■ Exercise objective ■
Restate the data below word for word, and let no image into your version.

Input data section start

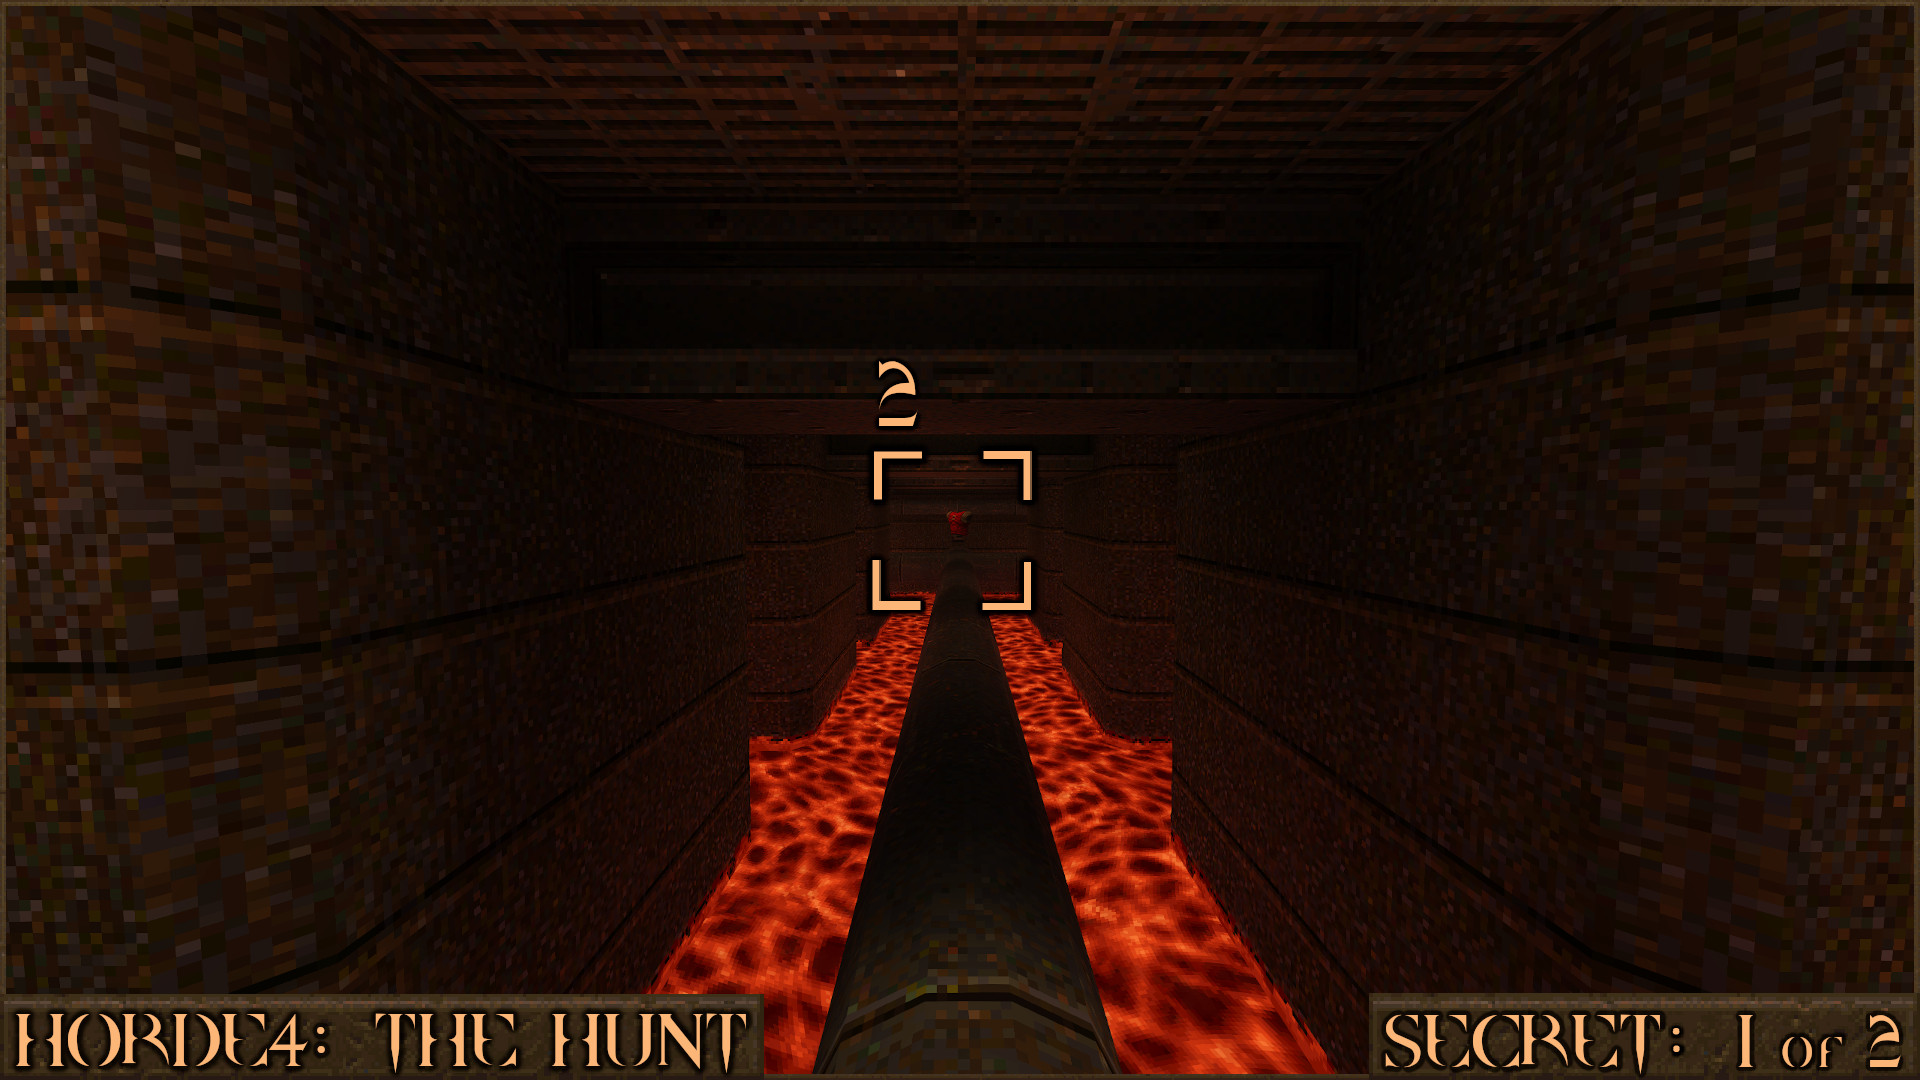 Quake - Finding all the Secrets - HORDE4: The Hunt - 980CAE5
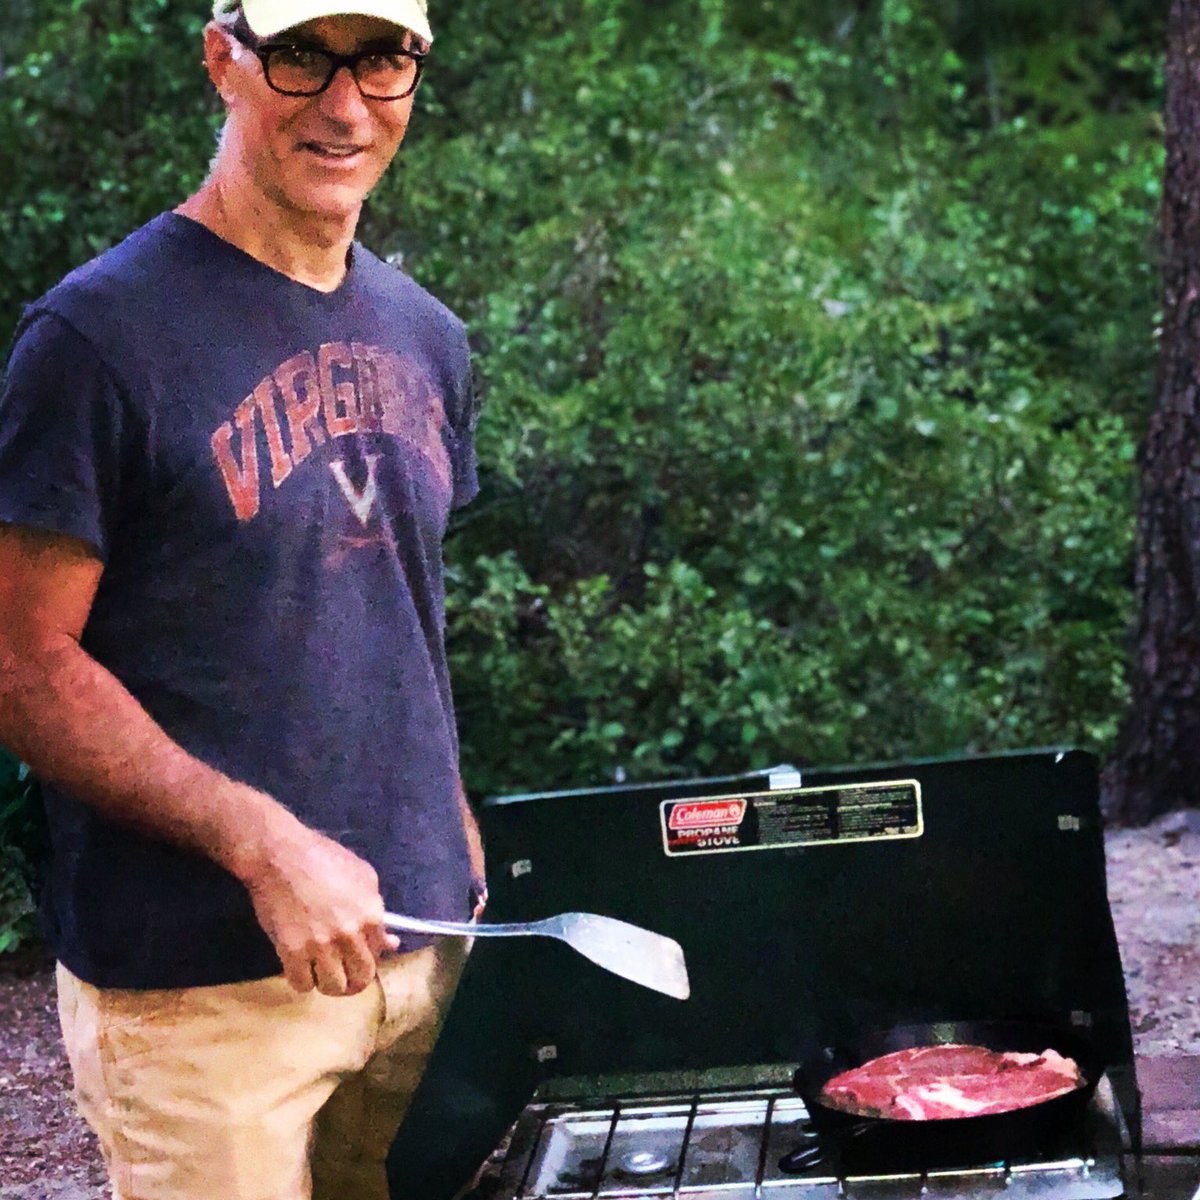 Cooking up 2 pounds of ribeyes at my campsite after a long day of hiking. 
#PoorManSteroids #Superfood #performancefood #NSNG #campfood #hiking #redmeat #ribeyesteak #greatoutdoors #nutrition

Input data section end

■ Your response ■
 Quake - Finding all the Secrets - HORDE4: The Hunt - 980CAE5
 Cooking up 2 pounds of ribeyes at my campsite after a long day of hiking. 
#PoorManSteroids #Superfood #performancefood #NSNG #campfood #hiking #redmeat #ribeyesteak #greatoutdoors #nutrition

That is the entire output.